Action item —
Without the pictures, write out all the lines below exactly as they appear.

Start of Recorded data

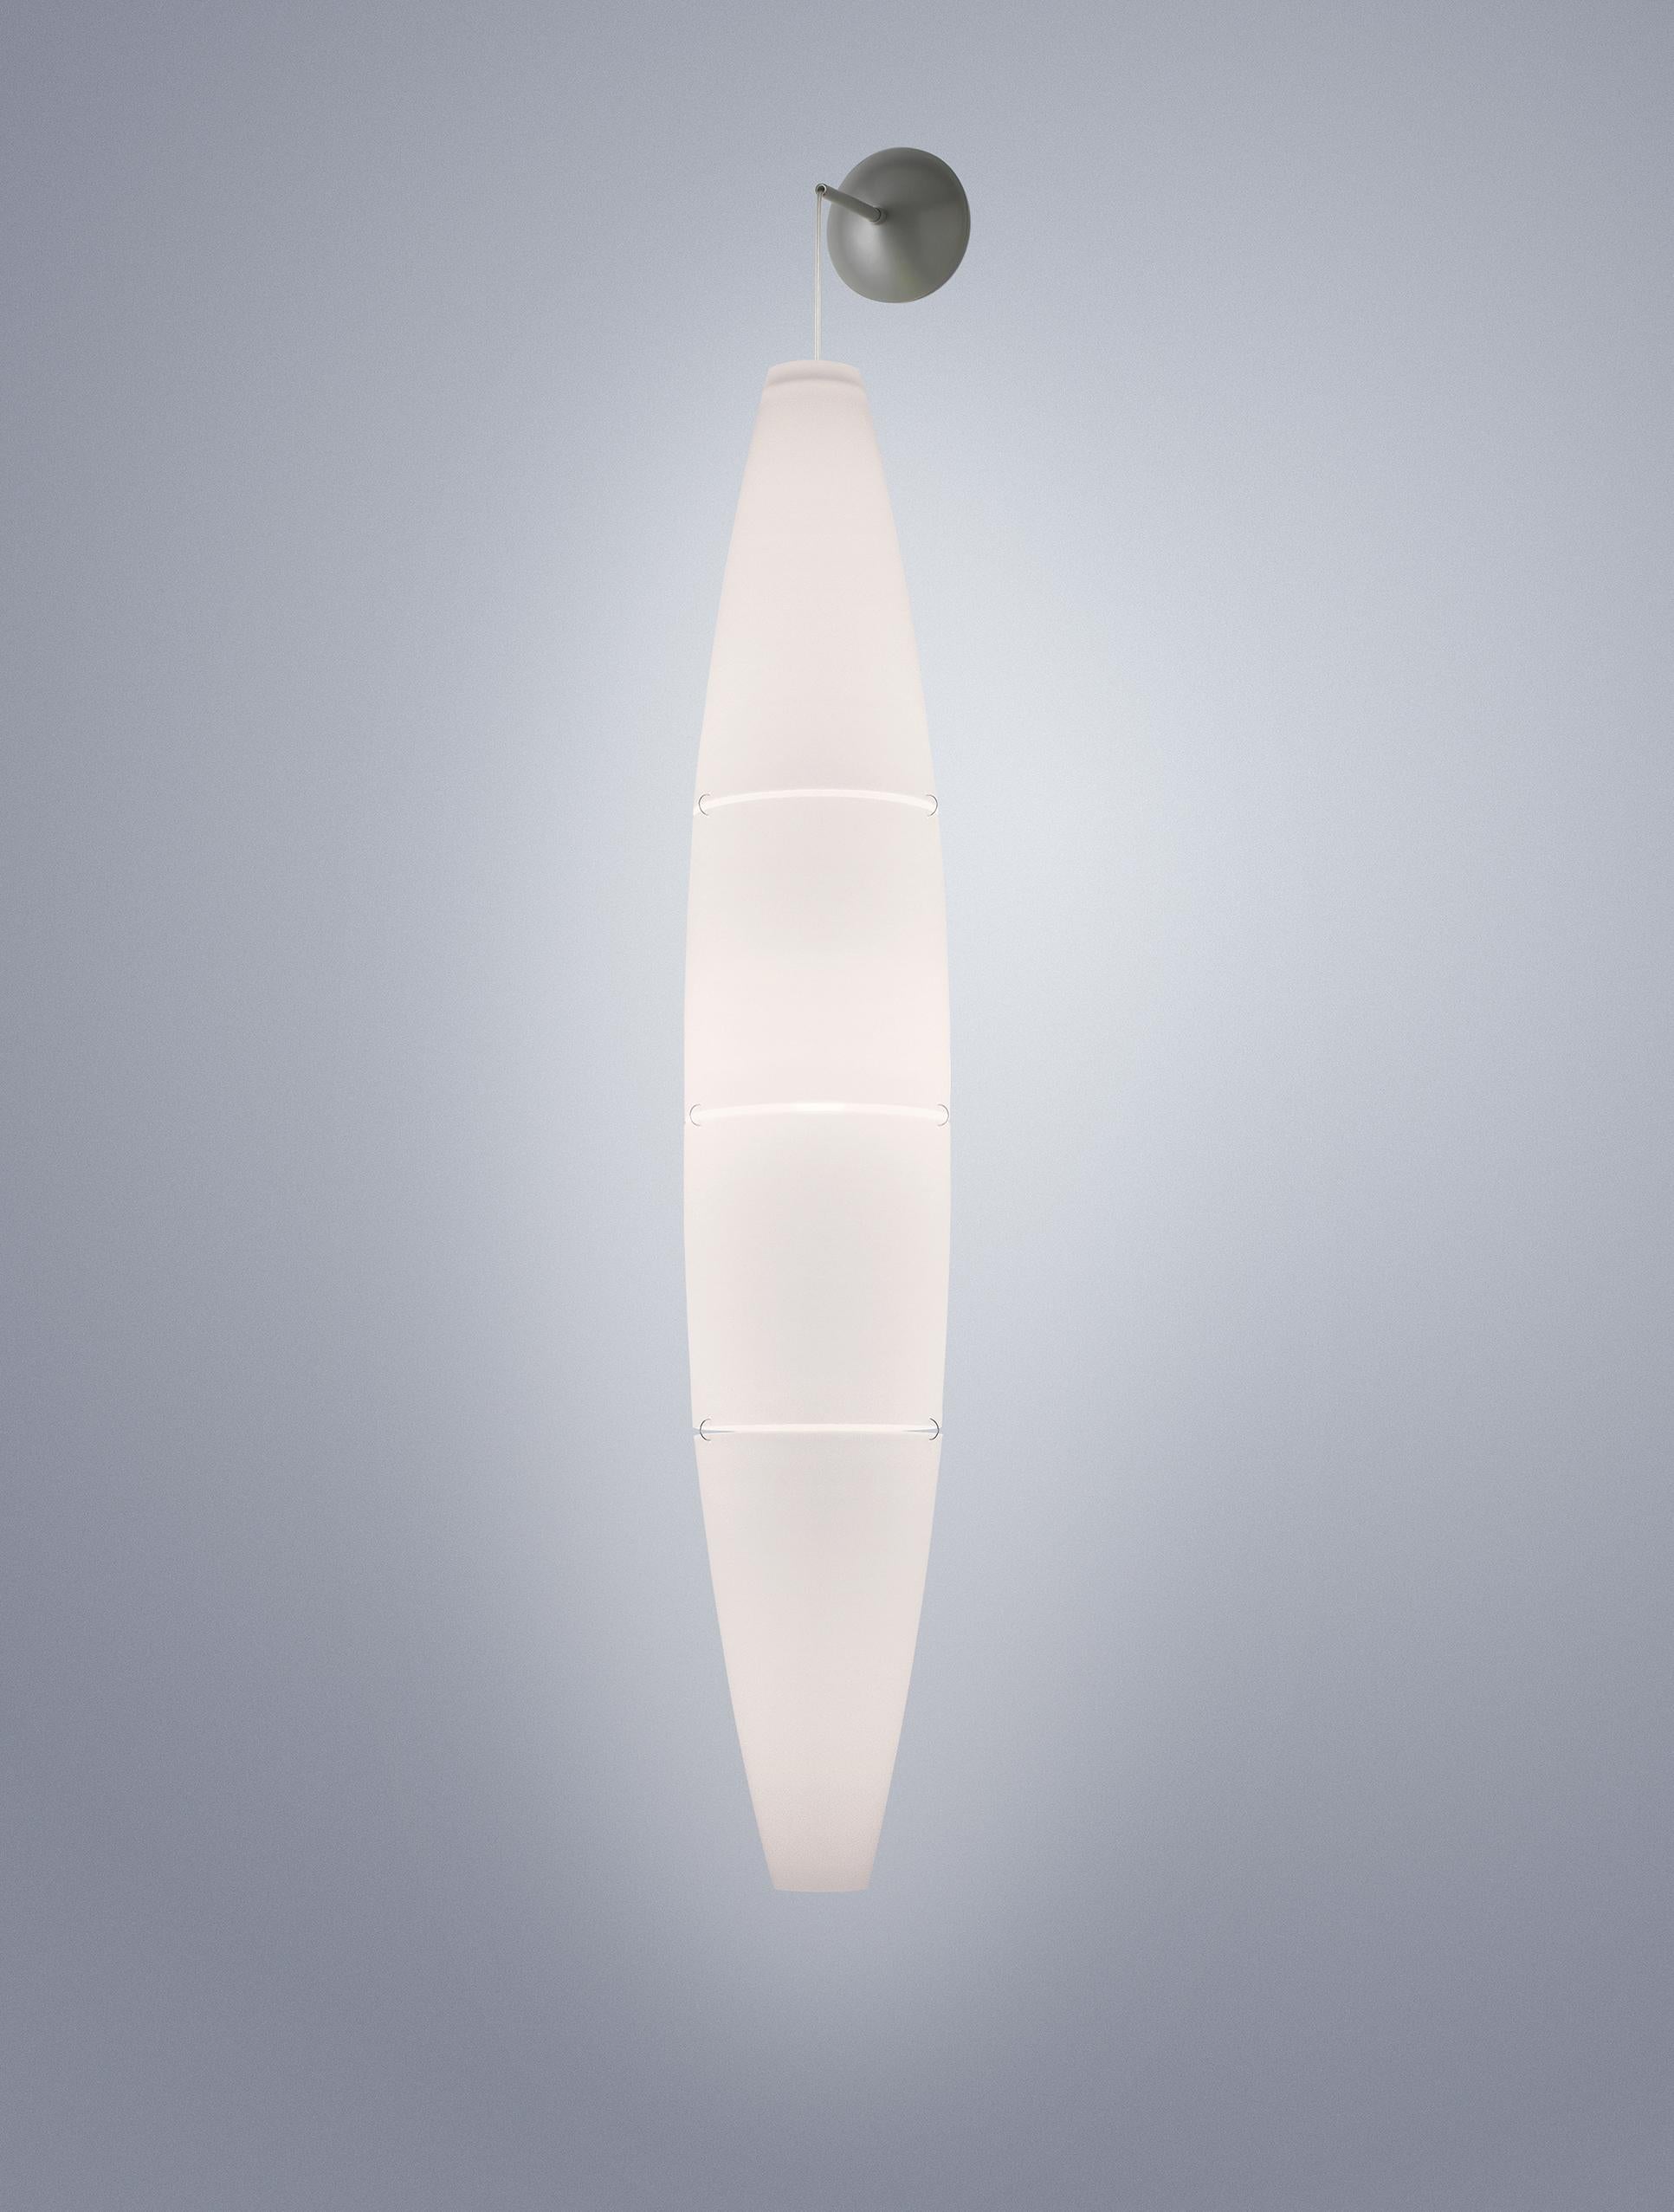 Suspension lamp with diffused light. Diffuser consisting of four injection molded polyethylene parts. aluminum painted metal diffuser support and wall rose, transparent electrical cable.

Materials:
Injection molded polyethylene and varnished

End of Recorded data

Result —
 Suspension lamp with diffused light. Diffuser consisting of four injection molded polyethylene parts. aluminum painted metal diffuser support and wall rose, transparent electrical cable.

Materials:
Injection molded polyethylene and varnished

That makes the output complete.